A large amount of information regarding these technologies exists.
That mass of information notwithstanding, these technologies suffer
from drawbacks and inadequacies that can be related to
infrastructure availability, energy requirements and economics,
need for further separations and processing at refineries etc.
The use of hydrocarbon diluents, referred to in the art as "DIL",
technology is widely practiced in Venezuela, Colombia and other
Latin American countries with heavy crude fields that are located
in remote areas. Typically, the Heavy Crude (HVC) to DIL ratio is
about 80:20 by volume to enable viscosity reduction to provide a
transportable condition. With bitumen, the amount of DIL can be
about 50% by volume. Hence, a very large volume of the DIL has to
be transported and brought onto the field by a pipeline or other
transport such as trucks, and then the mixture has to be
transported back through the pipeline or back by trucks.
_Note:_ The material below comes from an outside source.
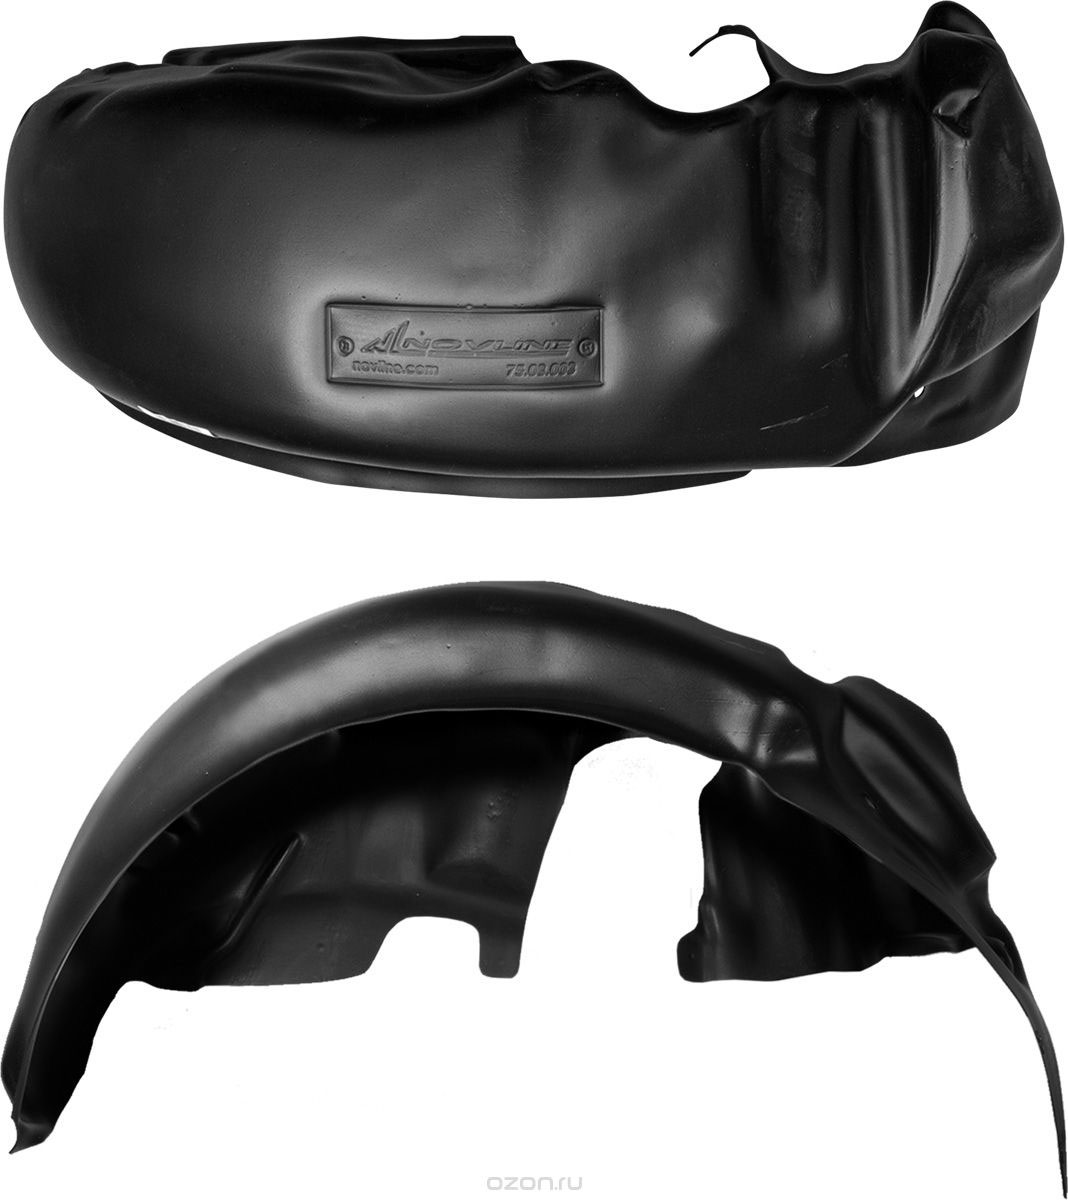 Подкрылок Novline-Autofamily, для Ford Mondeo, 2007-2014, седан, задний правый дефлекторы окон autofamily sim ford mondeo 2007 2010 комплект 4шт nld sfomon0732

Furthermore, this mixture has to be separated and/or processed at
the refinery. Thus, any substantial reduction in volume of the DIL
required to process the HVC and similar dense crudes can provide
enormous benefits.
In the nomenclature of this art, a "dilbit" is a bitumen diluted
with one or more lighter petroleum hydrocarbon products, typically
natural-gas condensates such as naphtha. Diluting bitumen makes it
much easier to transport, for example in pipelines. According to
the Alberta Oil Sands Bitumen Valuation Methodology, 2008-9995,
Calgary, Alberta, Canadian Association of Petroleum Producers,
December 2008, "Dilbit Blends" means "blends made from heavy crudes
and/or bitumens and a diluent, usually natural-gas condensate, for
the purpose of meeting pipeline viscosity and density
specifications, where the density of the diluent included in the
blend is less than 800 kg/m.sup.3." A similar definition of
"dilbit" is "bitumen that has been reduced in viscosity through
addition of a diluent . . . such as condensate or naphtha"
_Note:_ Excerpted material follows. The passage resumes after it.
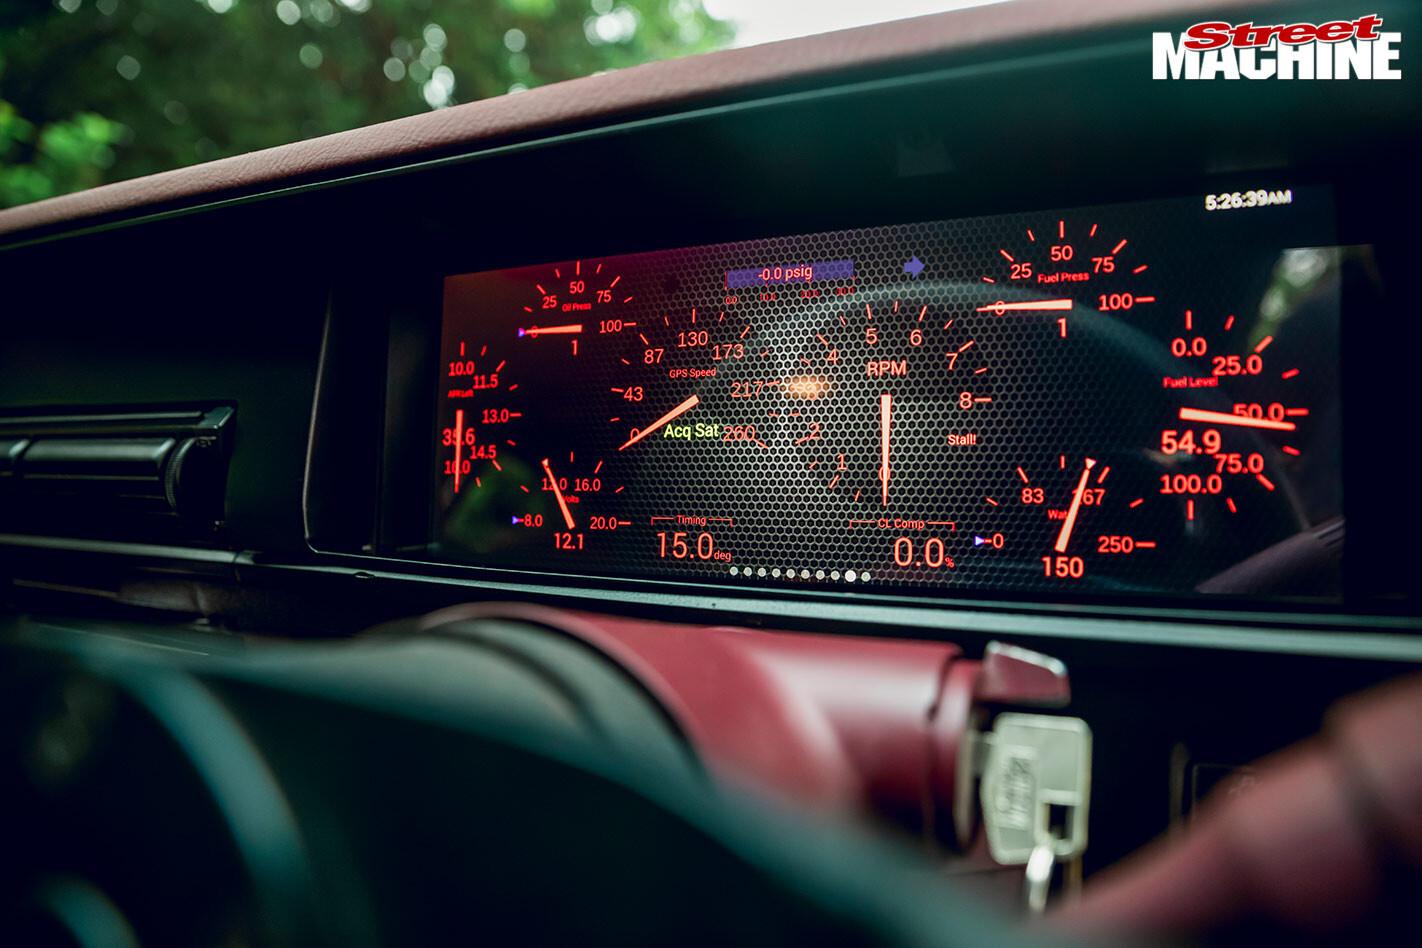 Holden VK Commodore dash

[Canada's Oil Sands: Opportunities and Challenges to 2015 (Energy
Market Assessment), Calgary, Alberta, National Energy Board:115-118
(May 2004)].
The latter source defines "condensate" as "a mixture comprised
mainly of pentanes and heavier hydrocarbons recovered as a liquid
from field separators, scrubbers or other gathering facilities or
at the inlet of a natural gas processing plant before the gas is
processed." A "diluent" is there defined as "any lighter
hydrocarbon, usually pentanes plus, added to heavy crude oil or
bitumen in order to facilitate its transport on crude oil
pipelines."
Two further definitions include "synbit" as "a blend of bitumen and
synthetic crude oil that has similar properties to medium sour
crude," and "synthetic crude oil is a mixture of hydrocarbons
generally similar to light sweet crude oil, derived by upgrading
crude bitumen or heavy crude oil." [Canada's Oil Sands:
Opportunities and Challenges to 2015 (Energy Market Assessment),
Calgary, Alberta, National Energy Board:115-118 (May 2004).]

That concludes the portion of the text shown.